# BMW Motorsport announces plans for BMW M6 GTLM with BMW Team RLL



## [email protected] (Aug 15, 2012)

-_M6 GT3_

*BMW Motorsport announces plans for BMW M6 GTLM with BMW Team RLL in the IMSA WeatherTech SportsCar Championship.*

While the BMW M6 GT3 will contest race events and series with FIA GT3 regulations as of next season, BMW Motorsport is also working on a new challenger for the elite class of North American GT racing: the BMW M6 GTLM. The plan is to return for an eighth season with BMW Team RLL and field the newly developed racing car in the IMSA WeatherTech SportsCar Championship in 2016.

"Using the basis of our new BMW M6 GT3 to develop a car for the WeatherTech Championship was a logical step," said BMW Motorsport Director Jens Marquardt. "The BMW M6 GTLM has all the essential ingredients to thrill fans in the USA and Canada. We are keen to continue our works commitment on the other side of the Atlantic at the highest level since the WeatherTech Championship is a fantastic stage with a high quality field and legendary venues. We feel right at home there."

Ludwig Willisch, Chairman and CEO of BMW of North America, LLC, added: "Success in motor racing helped us prove The Ultimate Driving Machine claim in North America forty years ago and continues to be an important part of the BMW marketing strategy to this day. As the largest market for BMW M in the world, we are eager to delight our fans with the BMW M6 GTLM in the 2016 WeatherTech Championship."

Bobby Rahal, Team Principal BMW Team RLL said, "A new car, a very competitive field and the hundredth anniversary of BMW means 2016 will be an exciting year. I am thrilled that RLL will continue to represent BMW's motorsport program in North America for an eighth season. The M6 GTLM will be the third model we have raced since 2009 (M3 (2009-2012); Z4 (2013-2015) and we look forward to the challenge."

BMW Motorsport engineers derived the BMW M6 GTLM from the BMW M6 GT3, and the BMW M6 GTLM took part in the official "Balance of Performance" tests performed by the International Motor Sports Association (IMSA) for GTLM homologation alongside GT3 testing by the FIA and ACO in Ladoux, France. Subject to final approvals by IMSA, based in North America, the BMW M6 GTLM is expected to race in the IMSA WeatherTech SportsCar Championship in 2016. Like the GT3 version, the car is powered by a lightly modified version of the V8 production engine with M TwinPower Turbo Technology from the BMW M6 Coupé.

In the previous three seasons, BMW Team RLL contested the American Le Mans Series and the United SportsCar Championship with the BMW Z4 GTLM and celebrated five victories and an additional 15 podiums to date. Further milestones in the recent GT history of BMW in North America include winning the title in the American Le Mans Series in 2001 with the BMW M3 GTR (Drivers', Team and Manufacturer titles), as well as with the BMW M3 GT in 2010 (Team and Manufacturer titles) and 2011 (Drivers', Team and Manufacturer titles).

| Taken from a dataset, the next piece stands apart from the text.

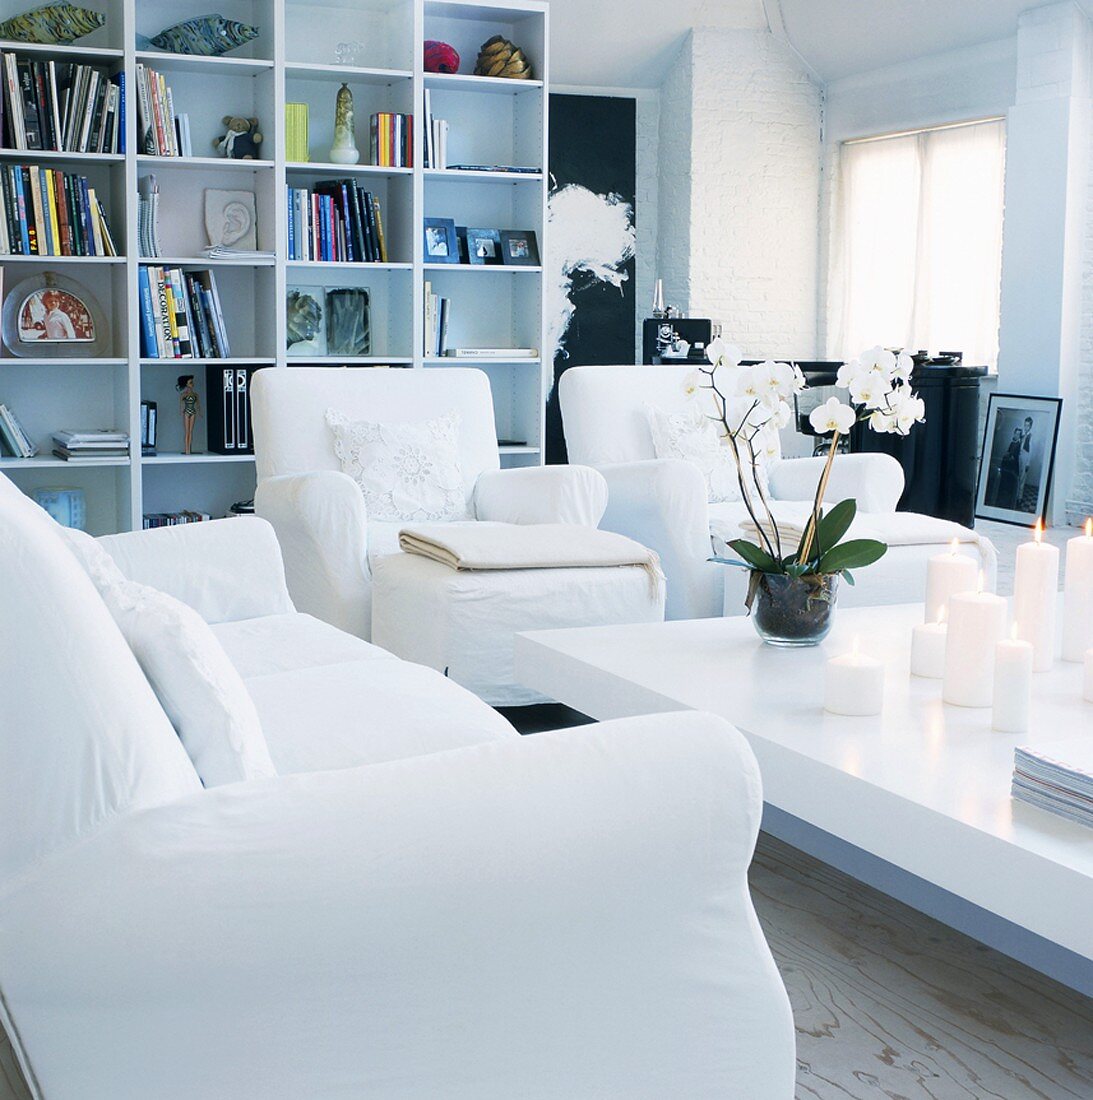 Elegantes Wohnzimmer mit weißer Couchgarnitur, brennenden weißen Kerzen und weiße Orchidee auf Couchtisch

The 2016 season of the IMSA WeatherTech SportsCar Championship opens with the 24 Hours of Daytona on 30th/31st January. This is followed by a further ten events for the GTLM teams, which will take them to some of the most iconic racetracks in North America. As is tradition, the "Petit Le Mans" in Road Atlanta will provide the spectacular stage for the season finale on 1st October.


----------